**Work request:** Taking the line with "Colt 45 Malt Liquor." as the first and the last line of the listing as the final one, please copy exactly those lines and no others, without pictures.

**Data section:**
+ + + +

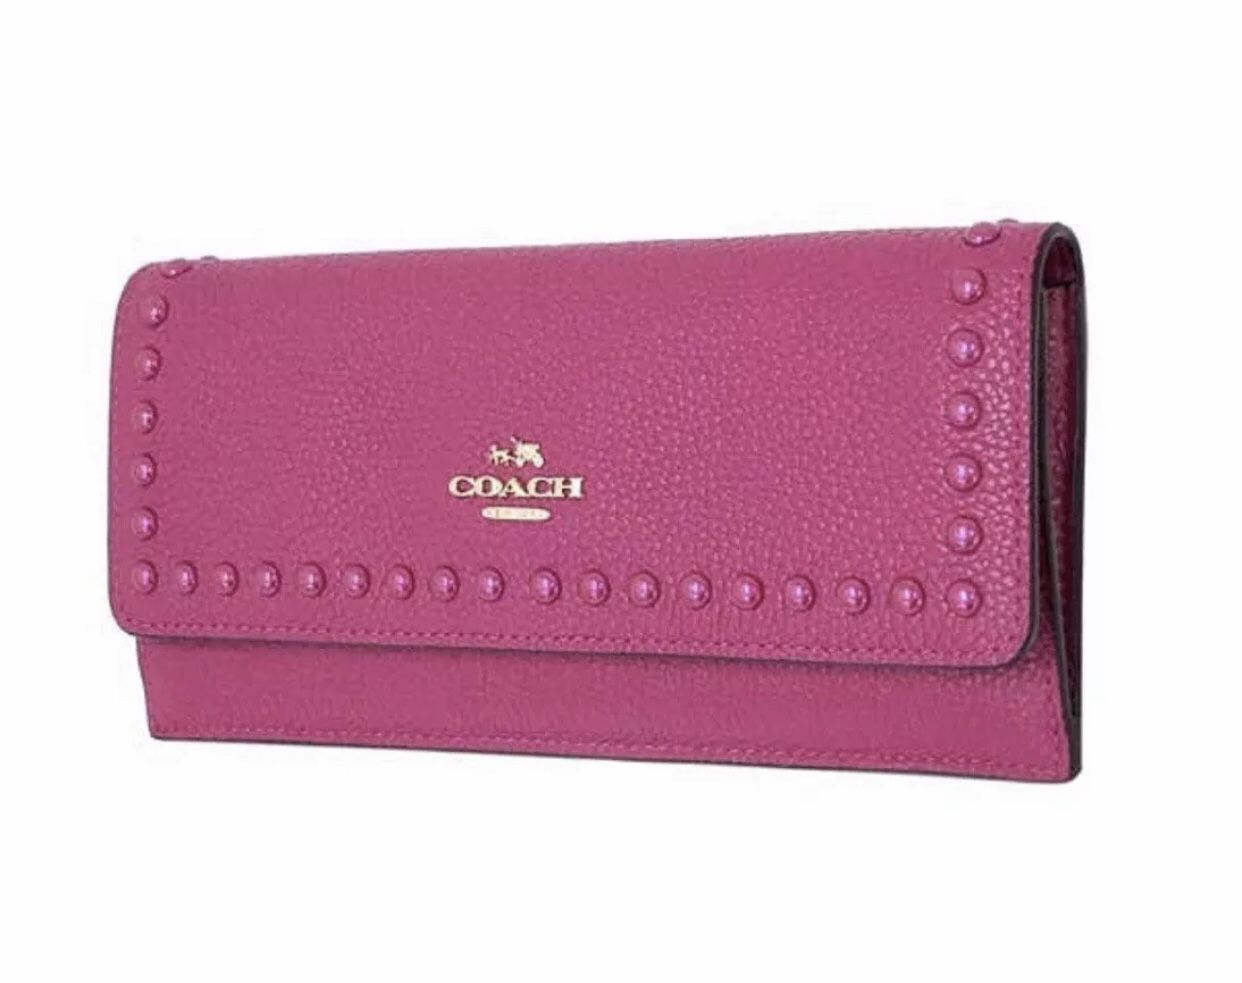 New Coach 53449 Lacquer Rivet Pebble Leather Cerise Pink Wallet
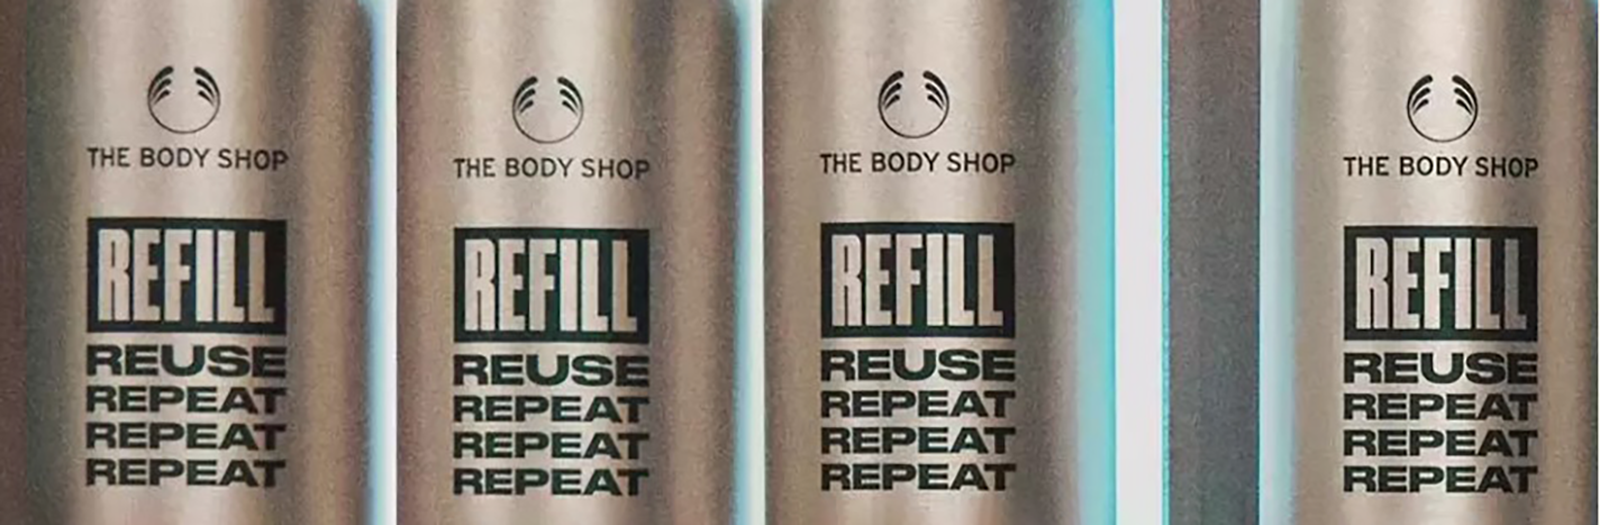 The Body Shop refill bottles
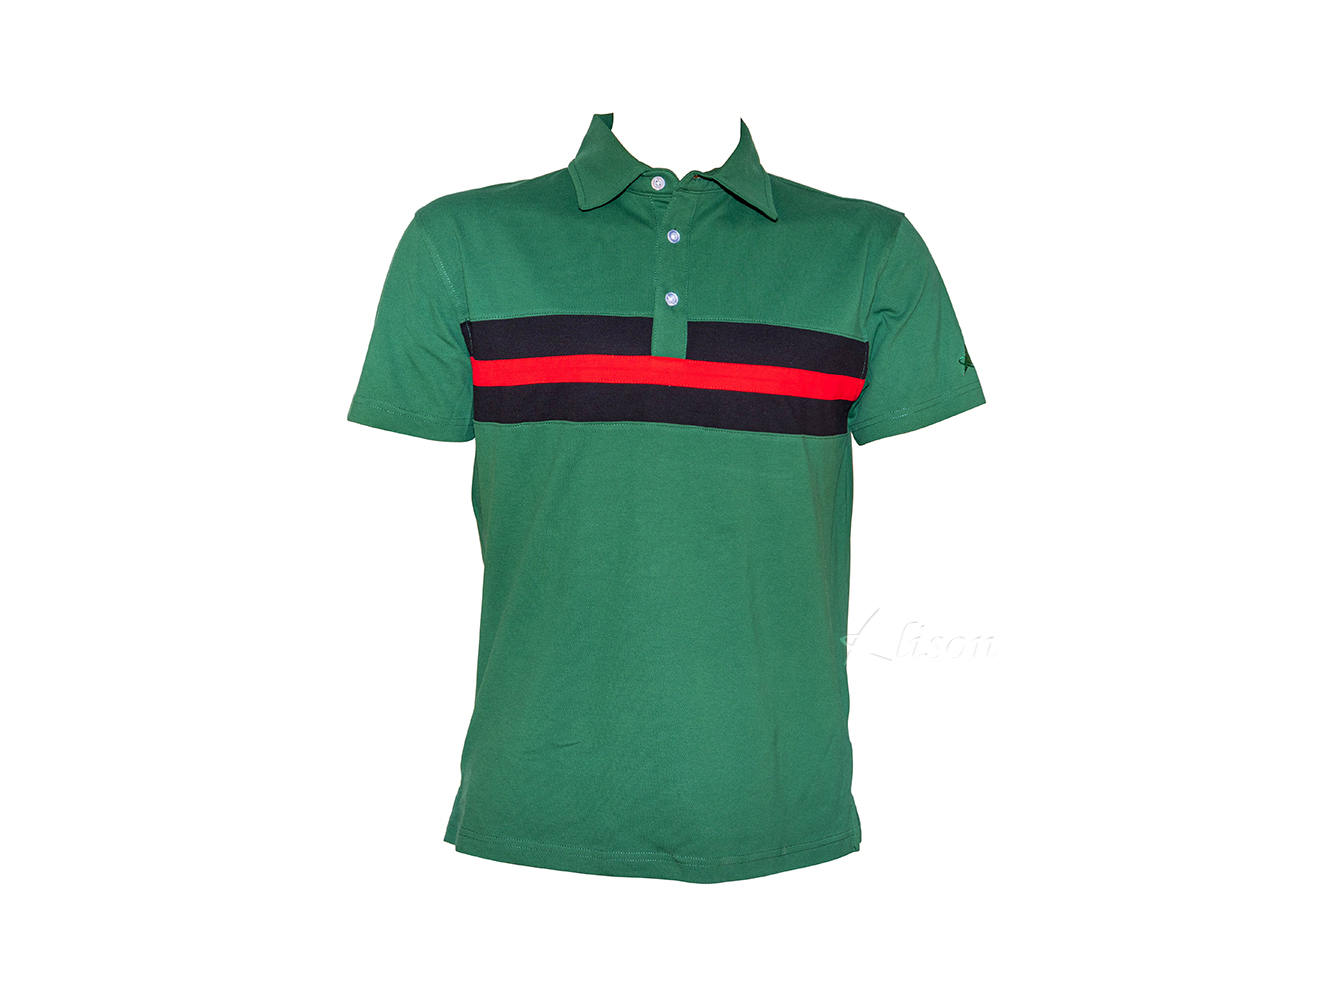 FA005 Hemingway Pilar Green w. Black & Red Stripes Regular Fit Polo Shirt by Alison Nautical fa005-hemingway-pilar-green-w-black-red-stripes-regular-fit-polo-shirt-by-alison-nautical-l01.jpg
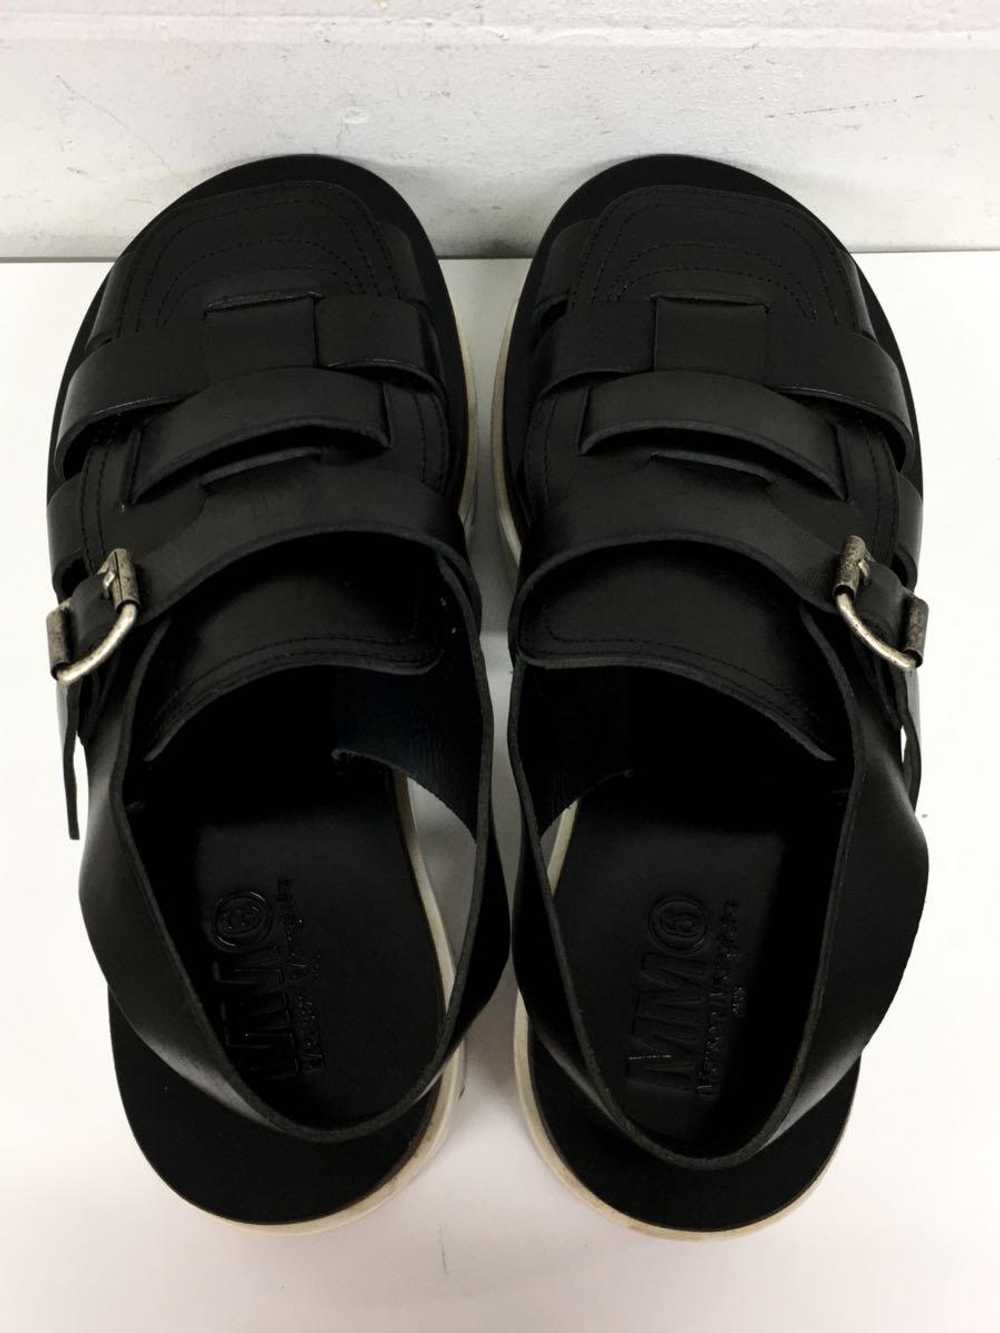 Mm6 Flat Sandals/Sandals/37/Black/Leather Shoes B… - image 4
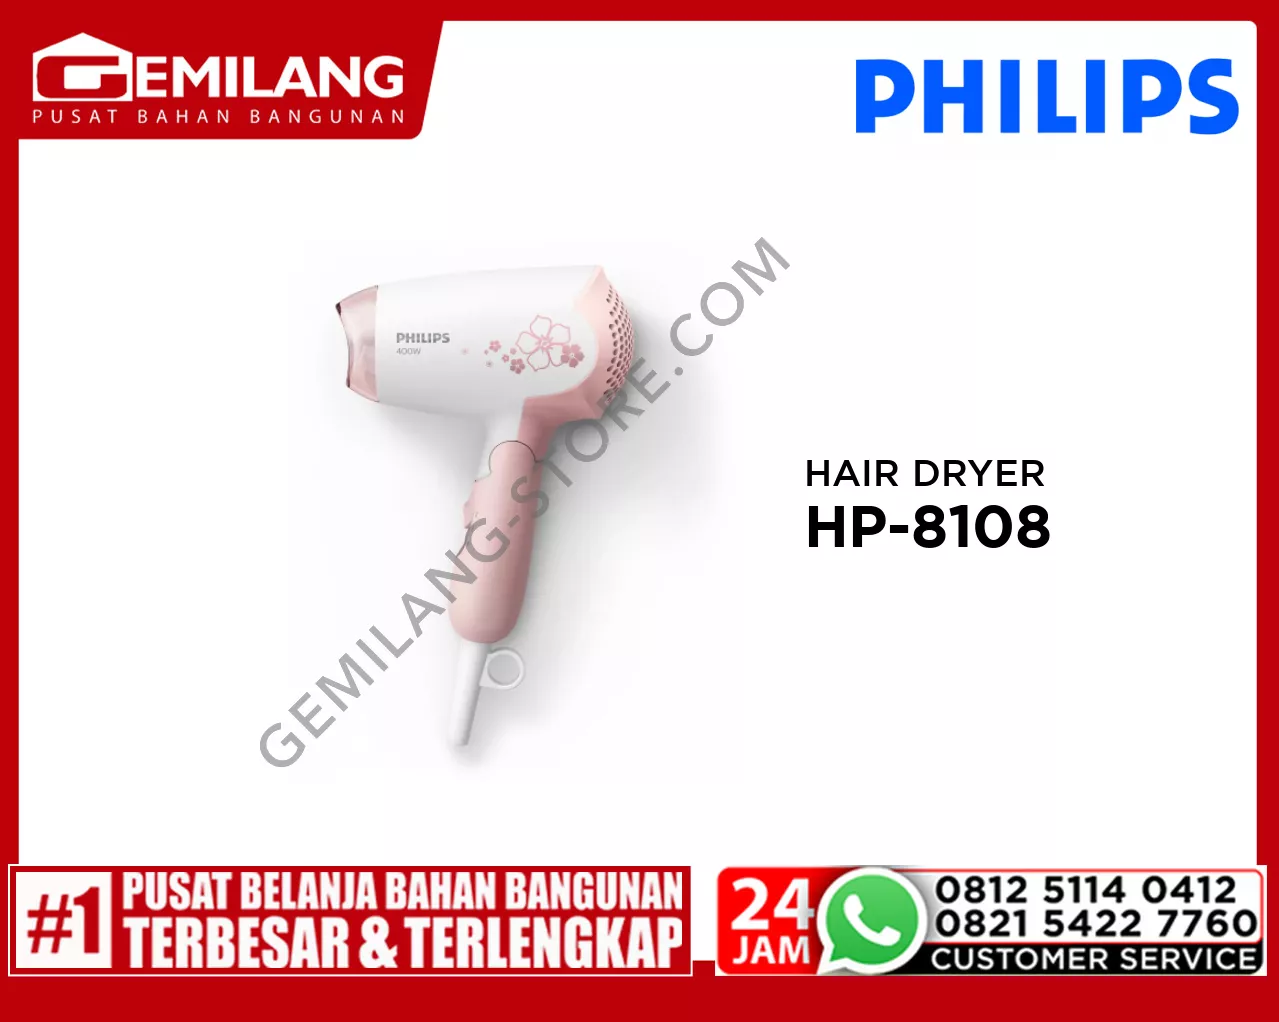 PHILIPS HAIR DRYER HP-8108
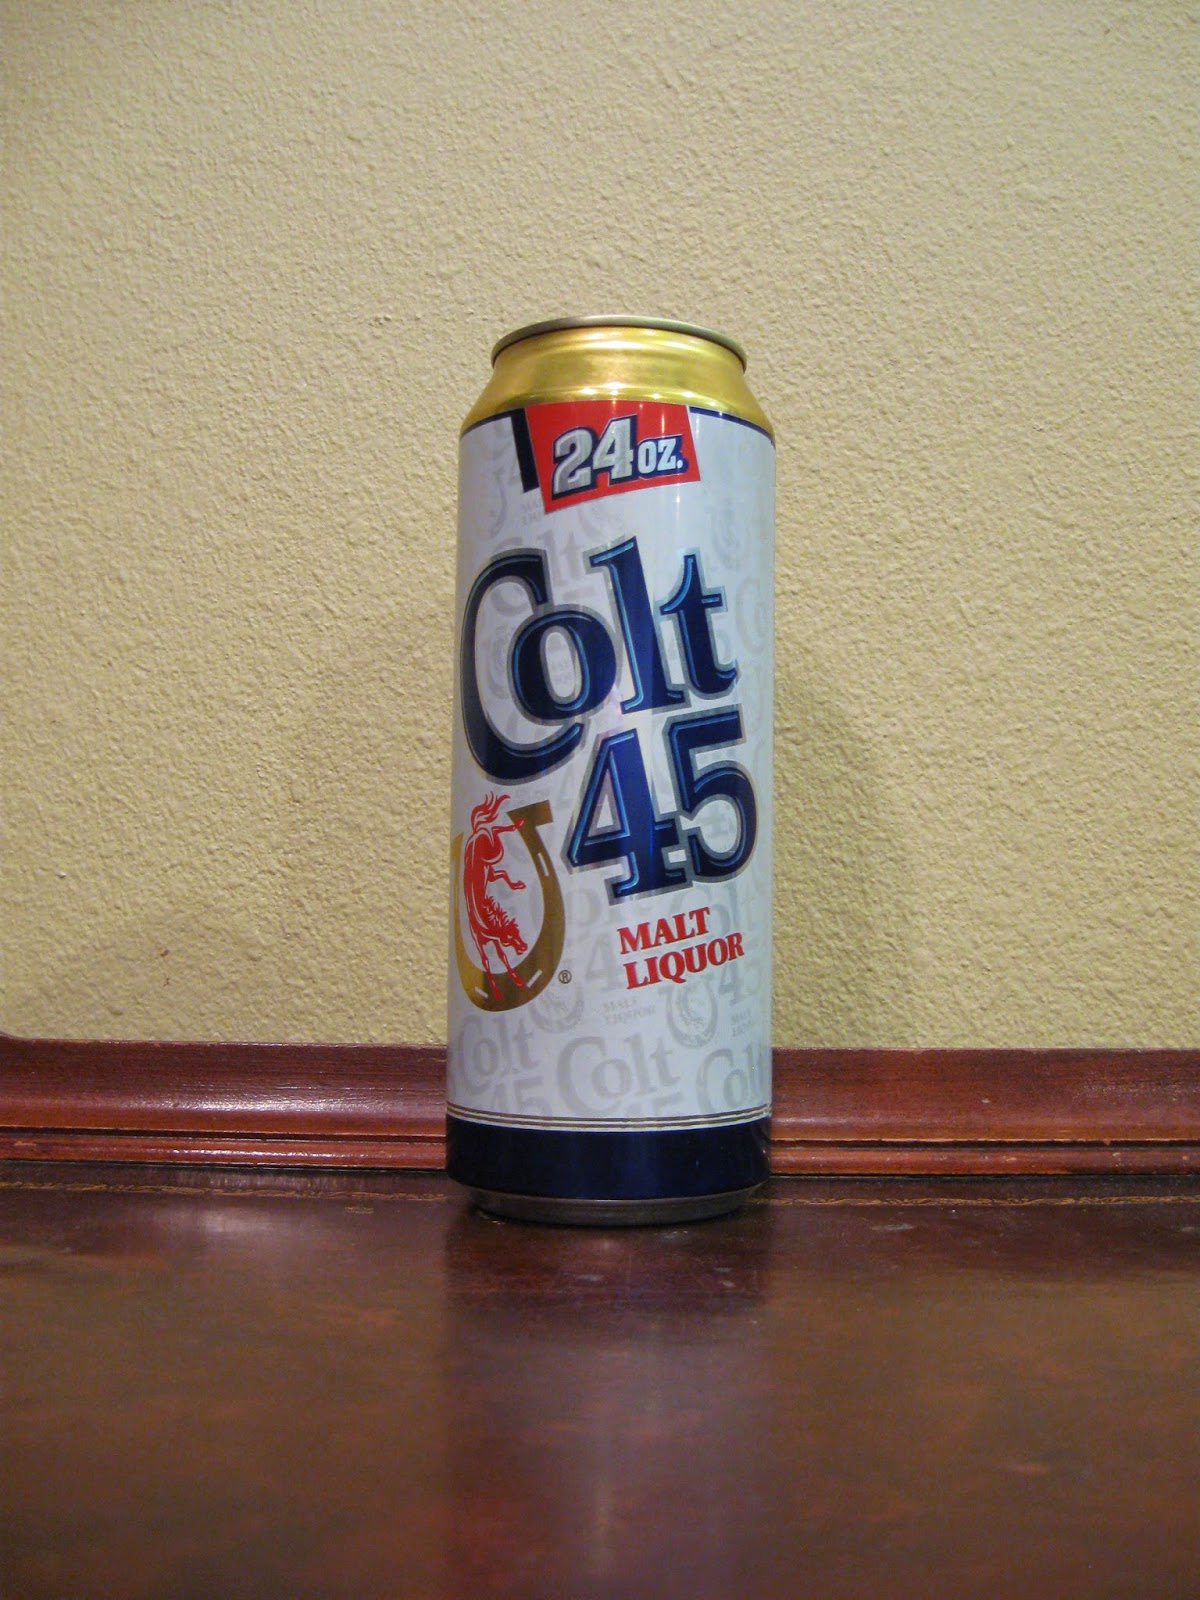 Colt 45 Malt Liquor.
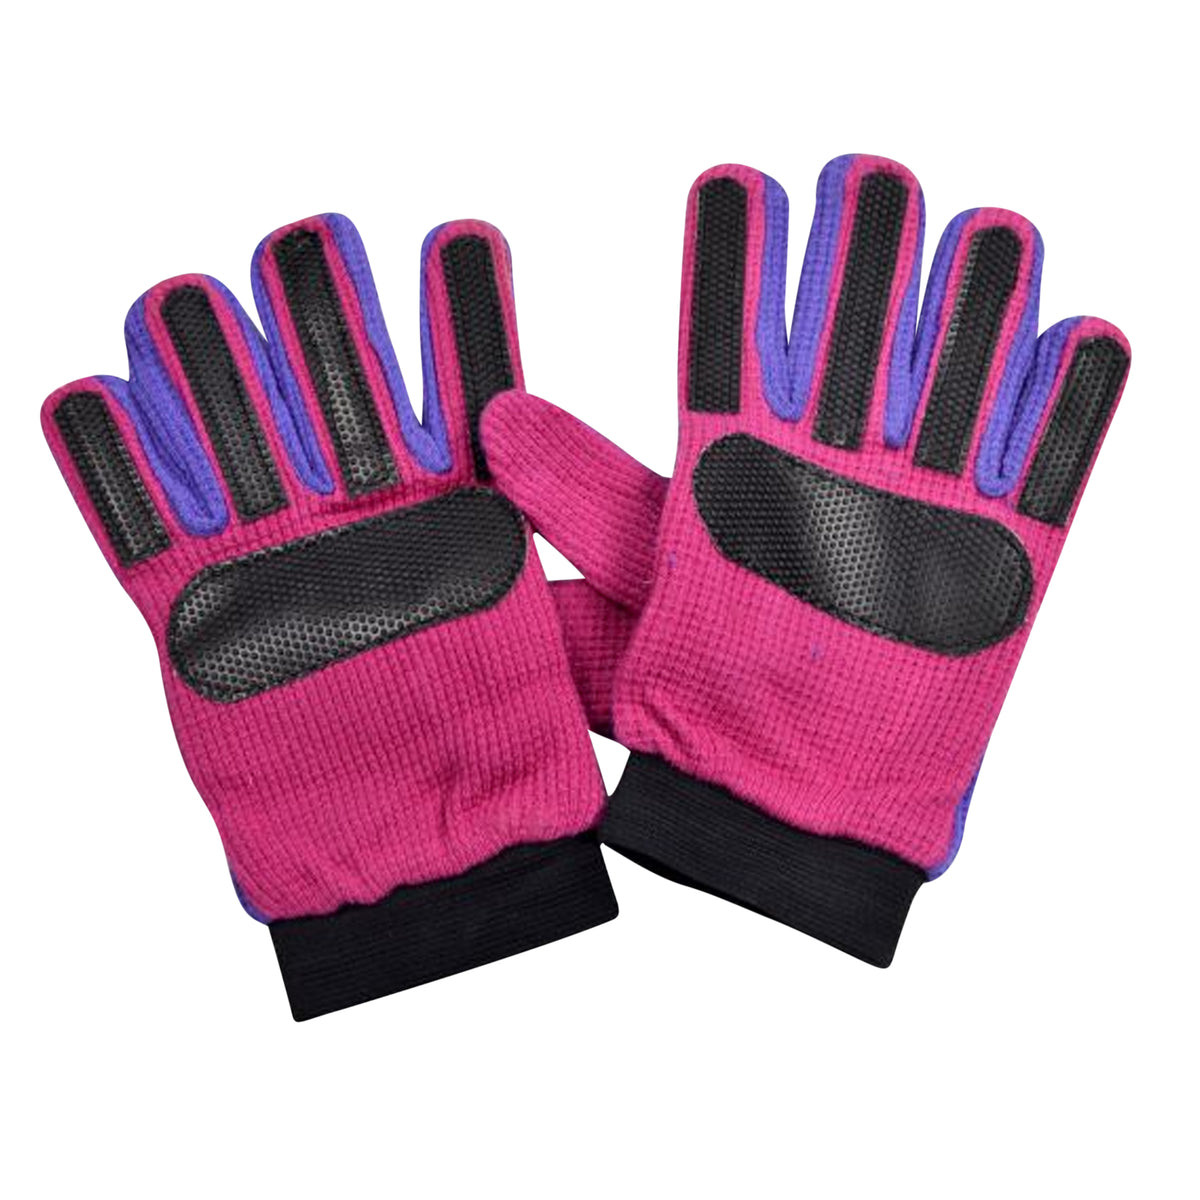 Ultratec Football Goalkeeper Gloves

+ + + +

**Answer to this problem:**
 Colt 45 Malt Liquor.
 Ultratec Football Goalkeeper Gloves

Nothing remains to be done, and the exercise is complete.